Treatment can be divided into two categories; reef safe and not. Irrespective of which treatment you are using, it is advisable to use a quarantine tank, although this will not help if you whole tank is infected, in which case the whole tank can be treated.

Copper Treatment (not reef safe)
The most commonly used treatment method uses copper, which is not reef safe, to emphasize DO NOT USE COPPER TREATMENTS IN A REEF TANK. It is also important to remember that large doses of copper can be toxic to fish.
To treat the fish, place the fish in a quarantine tank, with a citrated copper concentration of 15ppm. Keep the fish in the system for 2 weeks, while maintaining the copper concentration. Remember to re-acclimatize you fish before adding it back to the display tank.

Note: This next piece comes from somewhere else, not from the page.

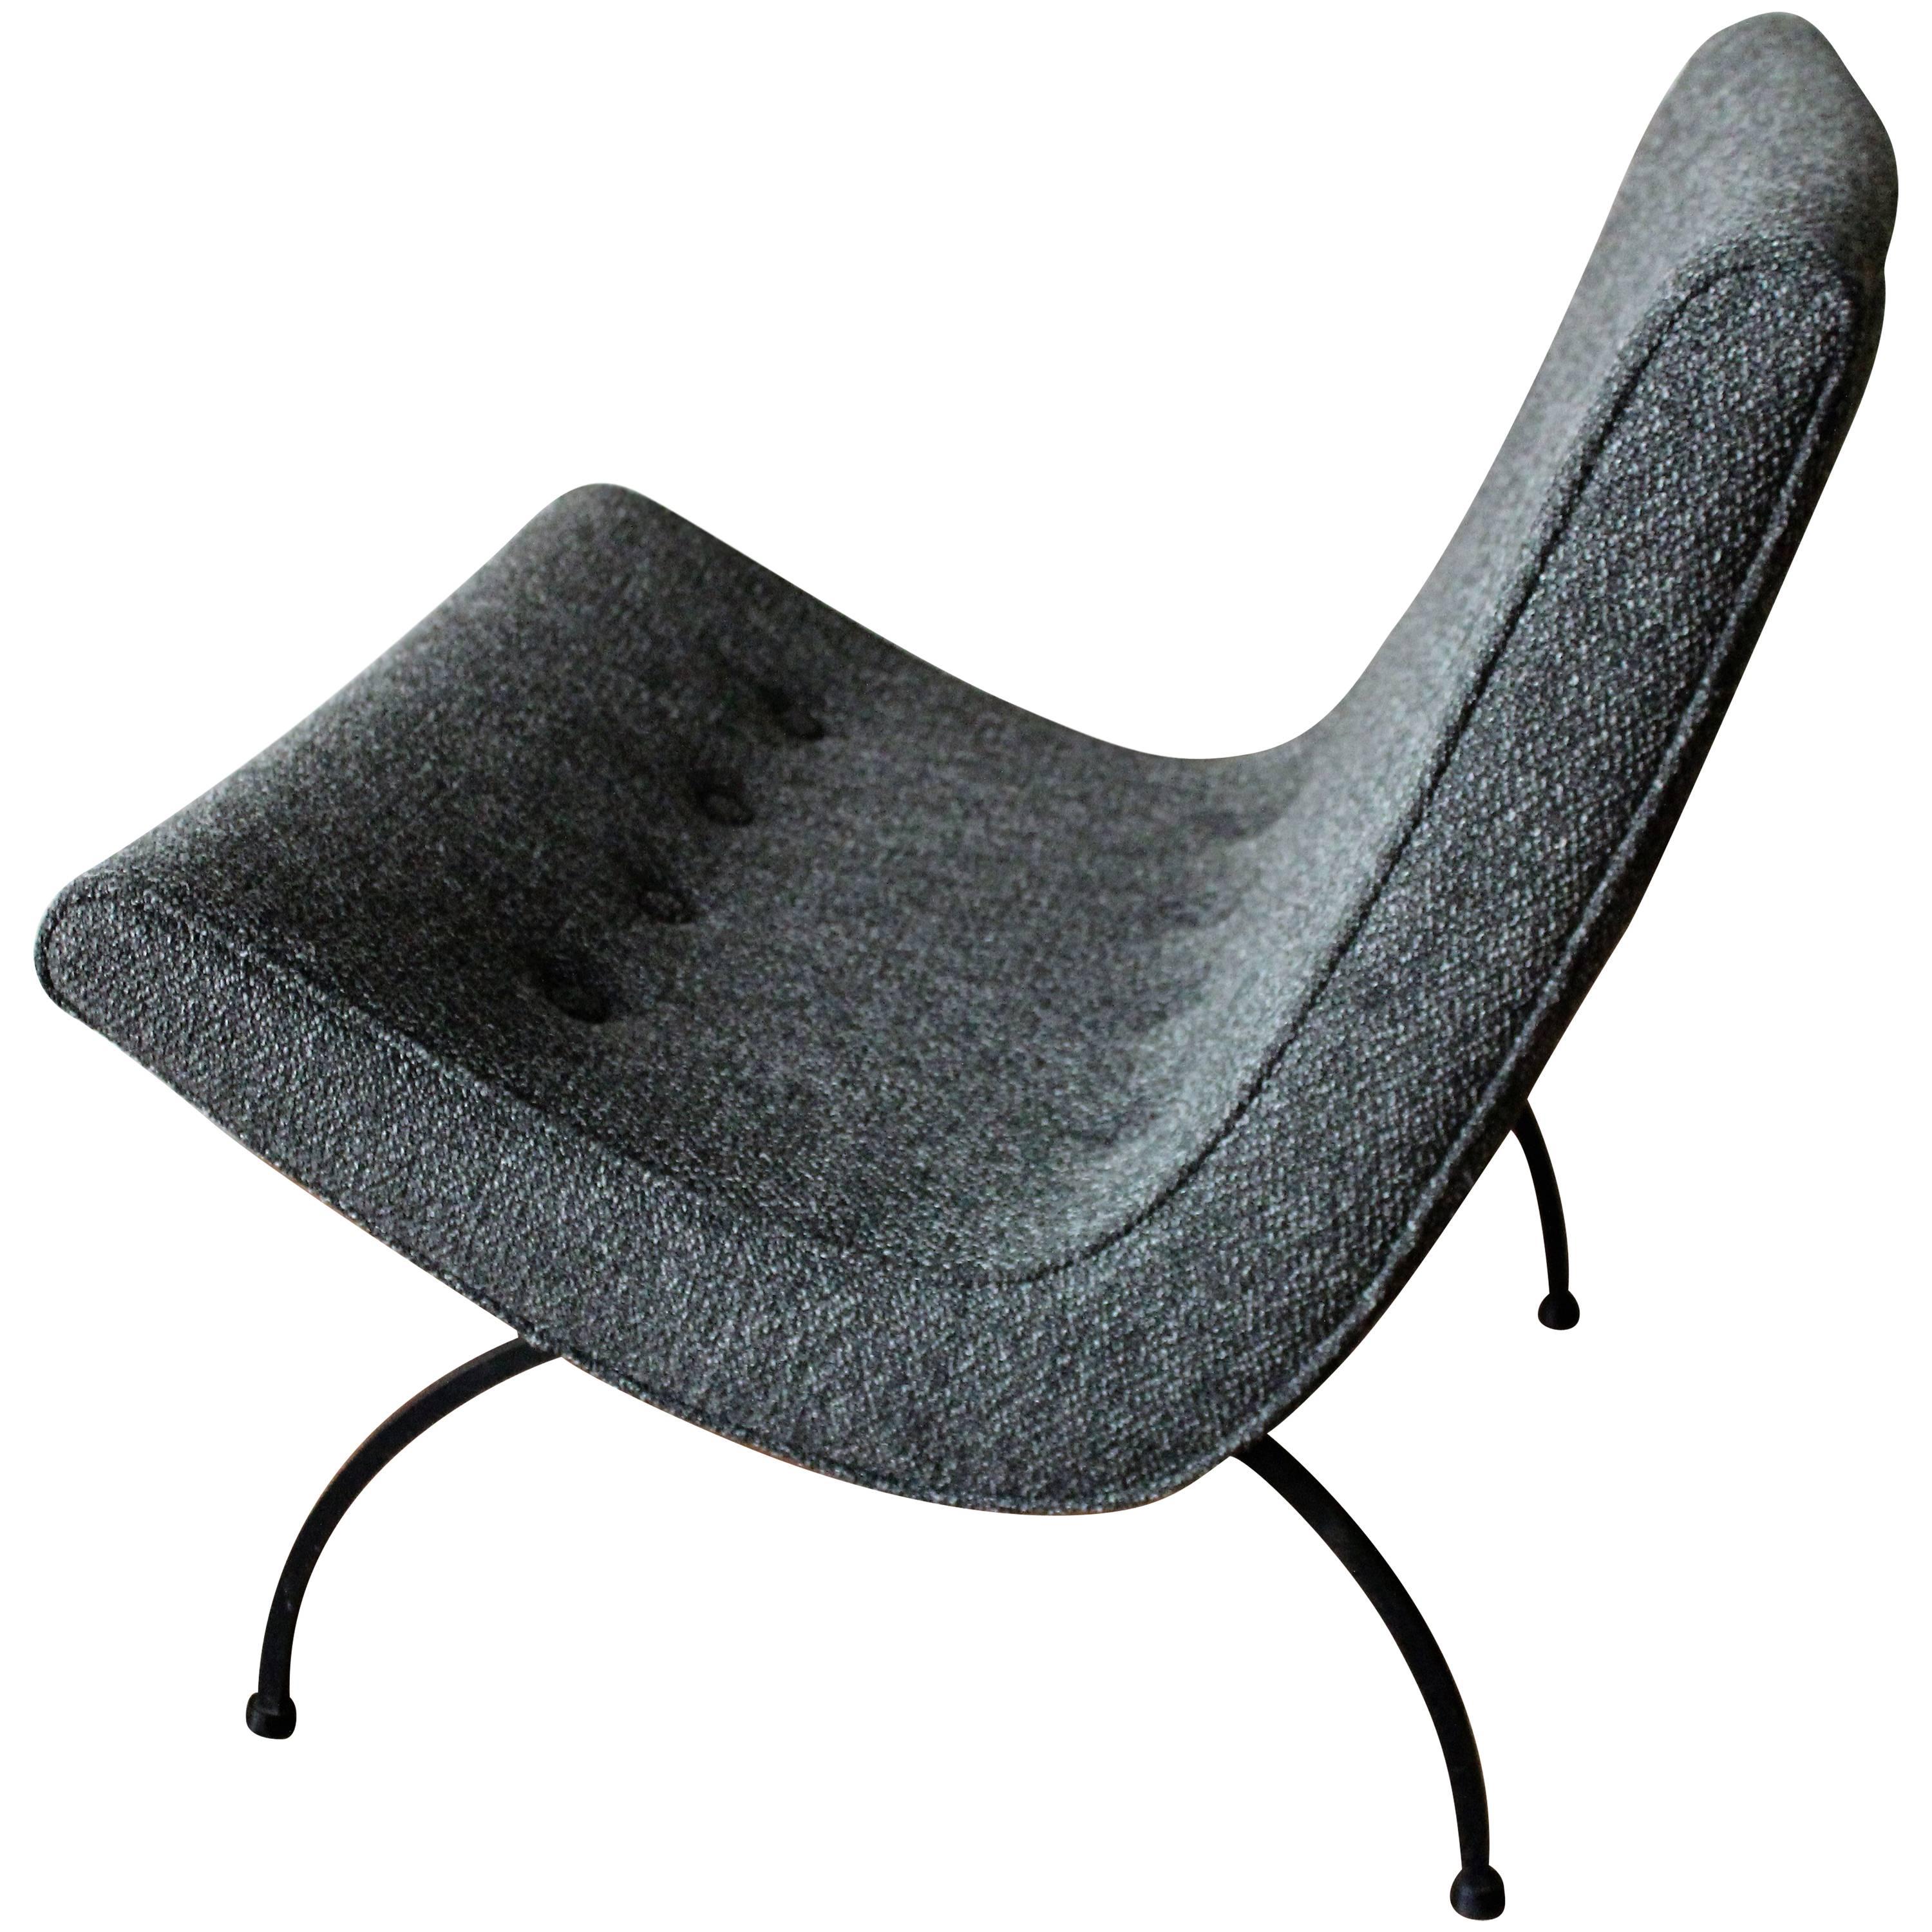 Milo Baughman Scoop chair manufactured by Thayer Coggin. Newly upholstered in a luscious salt and pepper bouclé fabric. This chair is the epitome of a quiet, yet powerful design.

Malachite Green (reef safe)
The treatment using malachite green consists of three doses of malachite, one dose every second day. The dose size will depend on the size of the tank being dosed, but the ideal concentration of malachite green is per dose is 0.05 ppm.

Freshwater Dip
A five minute freshwater dip, may also help eradicate the white spot from the fish.

Commercial Medications
There are numerous medications that claim to treat white spot on the market. If such a medication is used it is best to follow the manufactures instruction.